Soldaten auf Zeit und Berufssoldaten genießen freie Heilfürsorge. Der Dienstherr – in diesem Fall die Bundeswehr – übernimmt die entstehenden Krankheitskosten. Soldaten benötigen also weder eine private noch eine gesetzliche Krankenversicherung. Die Heilfürsorge ist etwas sehr komfortables und wertvolles für Soldaten und der Eintritt erfolgt automatisch zu Dienstbeginn. Doch damit ist es für einen zukünftigen Soldaten nicht getan. Jeder Soldat ist gesetzlich verpflichtet eine Pflegeversicherung abzuschließen. Versäumt man dieses droht sogar ein Bußgeld von bis zu 2.500,00 Euro.

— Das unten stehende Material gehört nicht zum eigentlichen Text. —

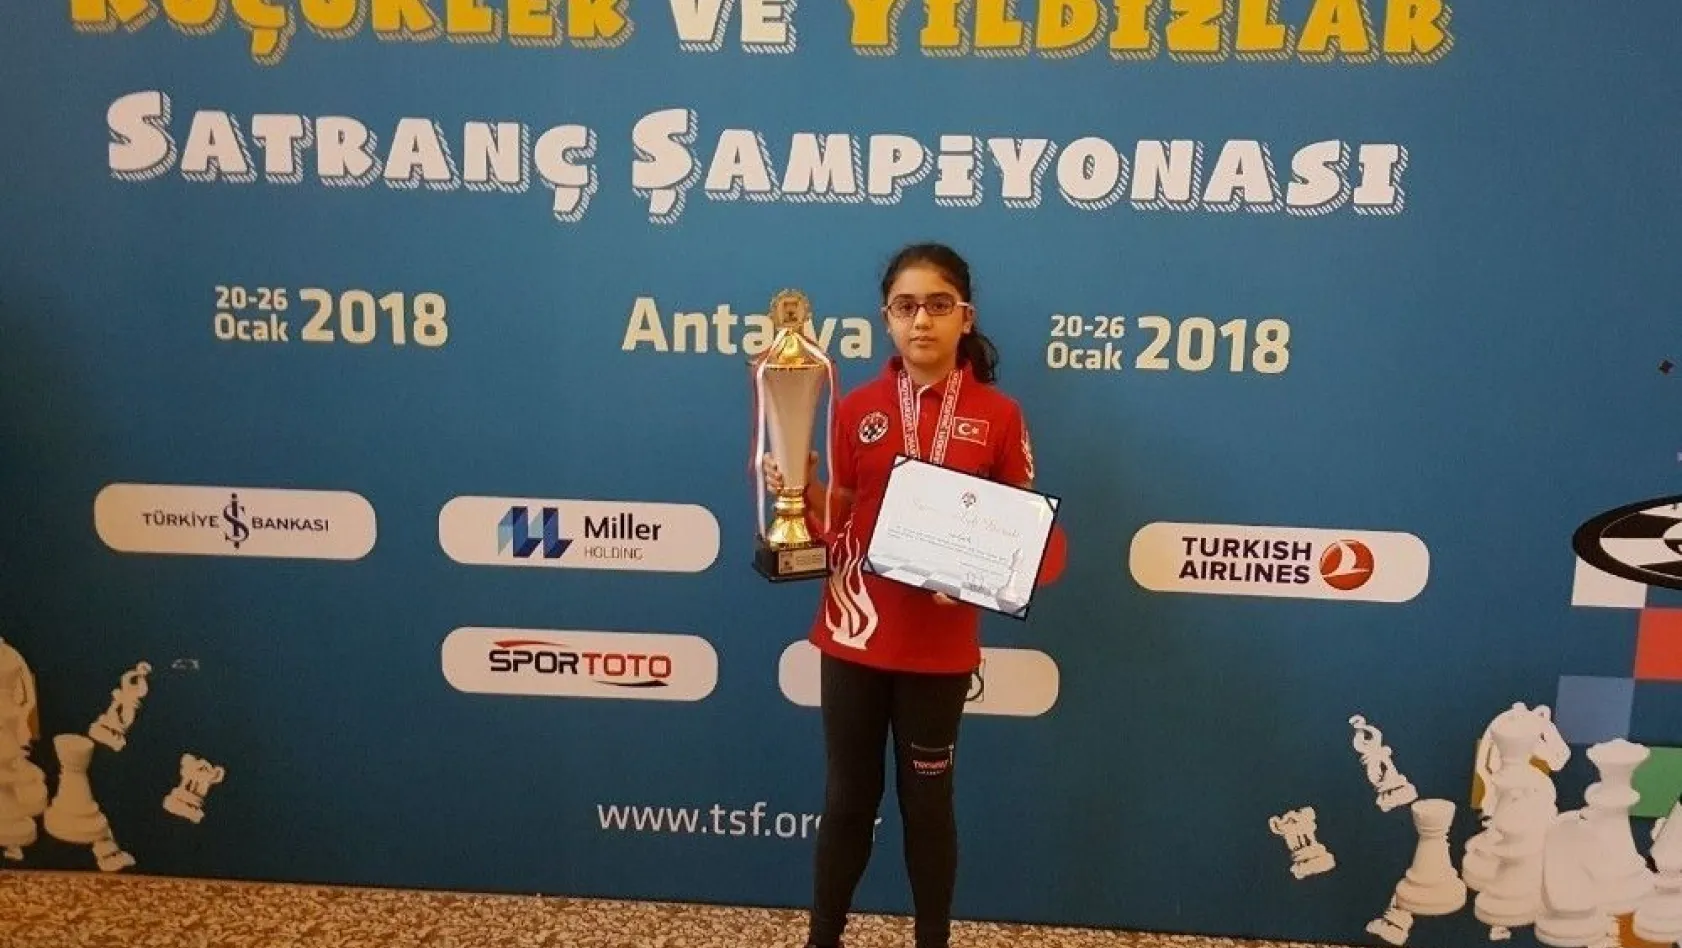 Milli Satranç Sporcusu Türkiye şampiyonu oldu

Während der Dienstzeit ist also alles geregelt. Doch was passiert nach dem aktiven Dienst?      Die freie Heilfürsorge entfällt. Anstelle des Anspruchs auf Heilfürsorge hat der frisch ausgeschiedene Soldat nun einen Anspruch auf 70 Prozent Beihilfe des Bundes. Die fehlenden 30 Prozent Versicherungsschutz müssen vom Soldaten eigenständig organisiert werden. Dieses kann je nach Alter und Gesundheitszustand sehr teuer werden.

Aus diesem Grund empfiehlt der Dienstherr jedem Soldaten bei Beginn seiner Dienstzeit eine Anwartschaft für die Krankenversicherung. Die Anwartschaft wird zusammen mit der Pflegeversicherung abgeschlossen. Sie bietet den Vorteil, dass sowohl das Alter als auch der Gesundheitszustand eingefroren wird. Hierdurch können dem Soldaten nach Ende der Dienstzeit gute Konditionen ohne eine erneute Gesundheitsprüfung gewährt werden.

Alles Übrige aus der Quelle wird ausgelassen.